Con esas palabras en la cabeza, vuelvo a casa, pongo el deuvedé y me siento a confirmar de nuevo lo que Garci ha dicho; a regresar por decimoquinta o enésima vez a La Martinica en plena guerra mundial, al capitán Harry-Steve Morgan y a su amigo Eddie, al hotel de Frenchie, a la caja de fósforos que vuela de una mano a otra. A la mirada socarrona y magnética de la jovencísima actriz que, en la primera película de su vida, fue –o sigue siendo, porque el gran cine no envejece nunca– capaz de decir en tono irónico, tan duro y hastiado como si por ella hubiesen pasado todas las mujeres del mundo: «¿Sabes que no tienes que actuar conmigo, Steve?… No tienes que decir nada y no tienes que hacer nada. Sólo, silbar… ¿Sabes cómo silbar, verdad? Simplemente junta tus labios y sopla».
Y tiene razón el viejo y sabio Garci. Desde que Bogart y Bacall se encuentran en el pasillo del hotel, trama cinematográfica aparte, escenarios de cartón piedra aparte, guión desordenado e imperfecto aparte, Tener y no tener, la película entera con sus cien minutos de metraje, es un prodigio rodado en vivo sobre un curtido actor de 44 años y una jovencita de 19 que, ambos en estado de gracia, se enamoran sin remedio escena tras escena. Un hombre resabiado, hecho en la pantalla y fuera de ella, que va siendo seducido plano a plano, incapaz de volver atrás, envuelto en el denso voltaje erótico de una muchacha que mira oblicuo, habla ronco y se conduce como una mujer a la que el mar que la arrojó a la playa de los náufragos no logró nunca arrebatar el humor ácido, la dignidad y la belleza. «No se meta con ella –aconseja Bogart, divertido y admirado a la vez–. Es capaz de devolver los golpes».

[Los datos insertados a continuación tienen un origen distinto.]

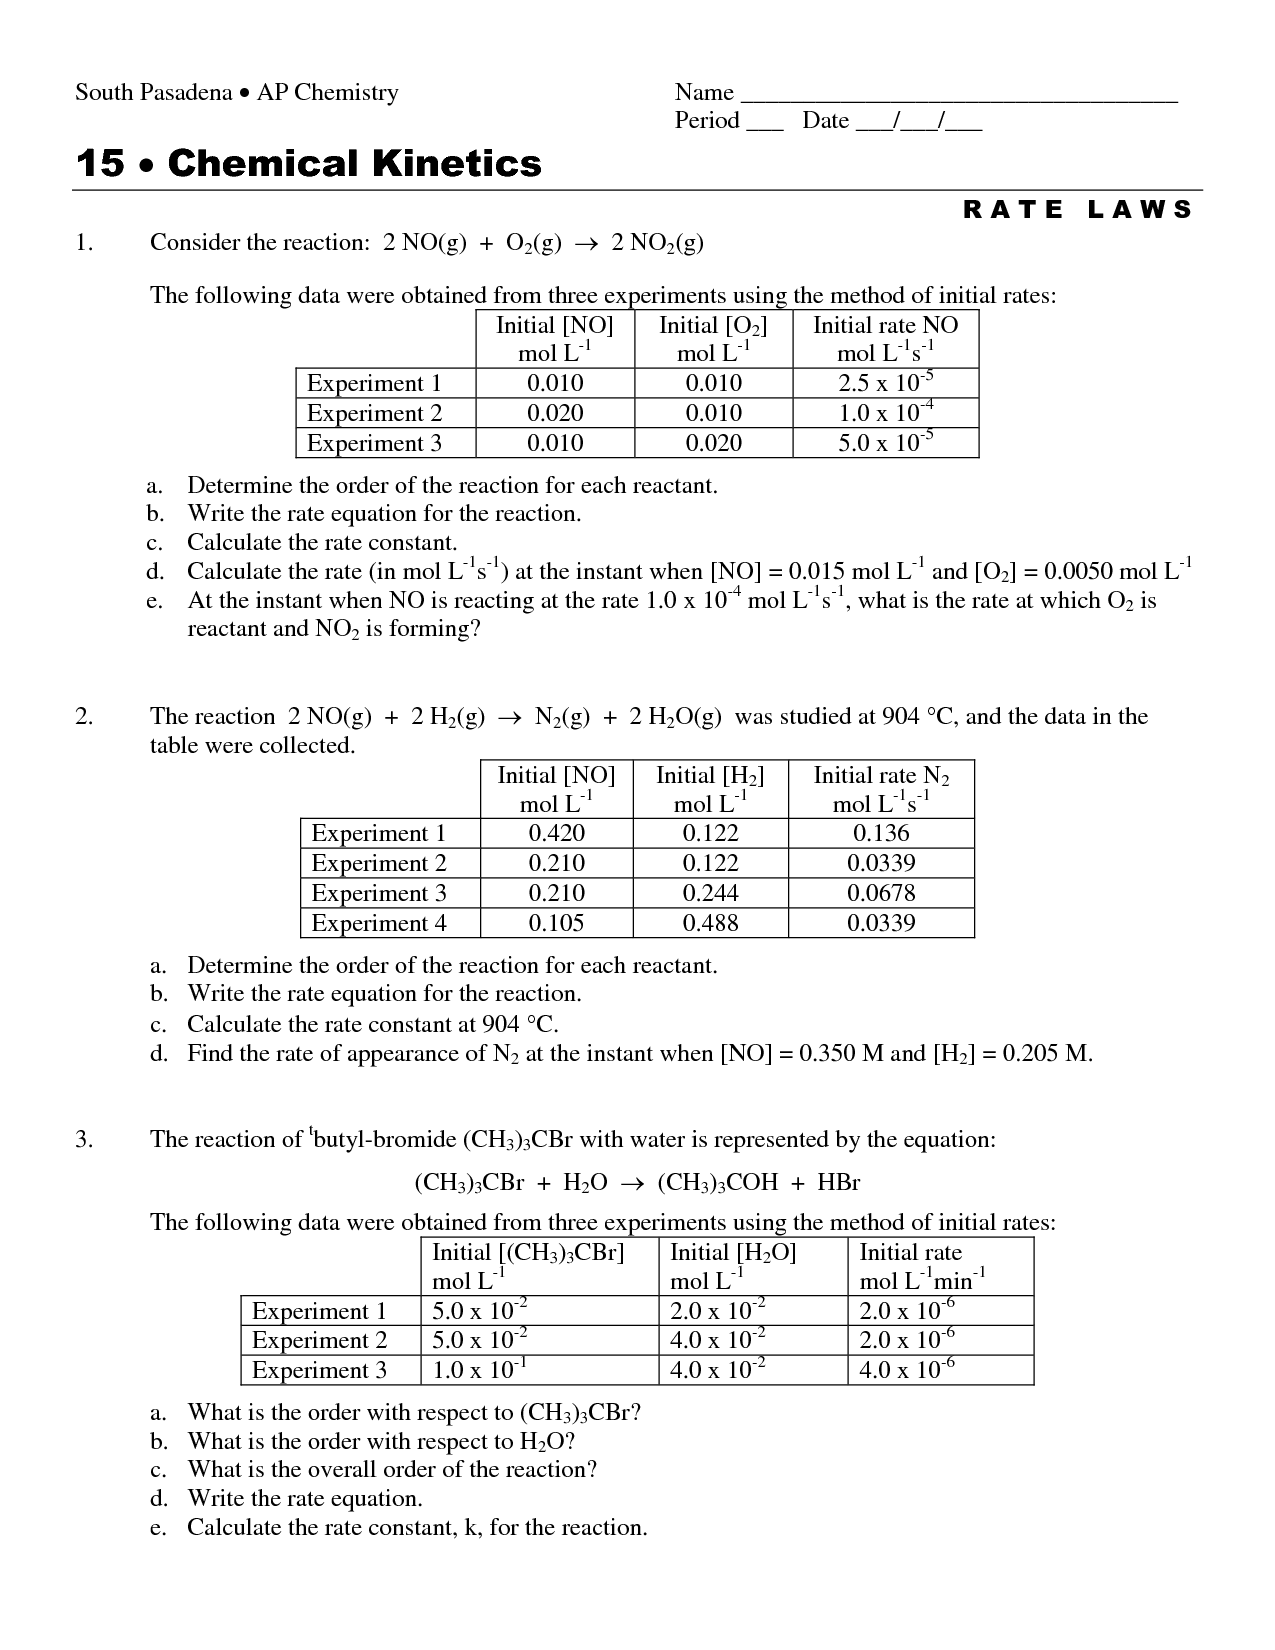 AP Chemistry Kinetics Worksheet Image

Más que una película convencional, Tener y no tener es, en efecto, un documental hecho de miradas, diálogos, insinuaciones y silencios. Una fórmula espontánea de física y química que nunca había ocurrido antes y nunca se repitió en la historia del cine. No es la actriz Lauren Bacall, sino Betty, la mujer real, quien dice: «Podría ser para siempre, ¿o te da miedo eso?… Soy difícil de conseguir, Steve. Sólo tienes que pedírmelo». Y así fue: Bogart se lo pidió. Primero fue un beso robado en un camerino y después una cajita de fósforos donde ella escribió su número de teléfono. Algo que lo llevaría a él a divorciarse de su esposa y a casarse con la joven actriz, junto a la que permanecería hasta su muerte por cáncer de esófago –demasiados cigarrillos dentro y fuera de la pantalla– en 1957. «Quizá sólo estemos juntos cinco años», había dicho él. «Cinco es mejor que nada», había respondido ella. Al final fueron doce.
Resulta evidente al ver despacio la película, primera de las cuatro que rodarían juntos. Los gestos, las miradas, el tono de las palabras, la corriente eléctrica que parece recorrer el espacio vacío que hay entre actor y actriz, el movimiento de caderas final, la mirada de Slim cuando se despide del pianista Cricket y se deja coger del brazo por Steve… Todo eso va mucho más allá de lo que dos impecables actuaciones cinematográficas harían posible. La atracción, el humor áspero, alegre y deliciosamente escéptico que se advierte entre ellos («No podíamos estar en una habitación sin la necesidad de acercarnos uno al otro», dirían más tarde), la complicidad erótica, no entre Steve y Slim, sino entre Bogart y Bacall, llegan allí donde ningún director, ningún guionista, ningún actor o actriz convencional podrían llegar por sí solos. Howard Hawks, que era un realizador inmenso –después dirigió nada menos que Río Bravo, entre otras–, se dio cuenta de eso y, en vez de inmiscuirse, les permitió dejar de actuar e interpretarse a sí mismos. El resto es historia del cine. También de la vida real, y José Luis Garci tiene razón, como siempre la tiene: lo asombroso de Tener y no tener es que, siendo como es una mediocre historia original del cínico Hemingway, un deficiente guión de los cínicos Furthman y Faulkner, una película del no menos cínico Hawks, nos convierta en testigos de la más perfecta historia de un enamoramiento real jamás rodada.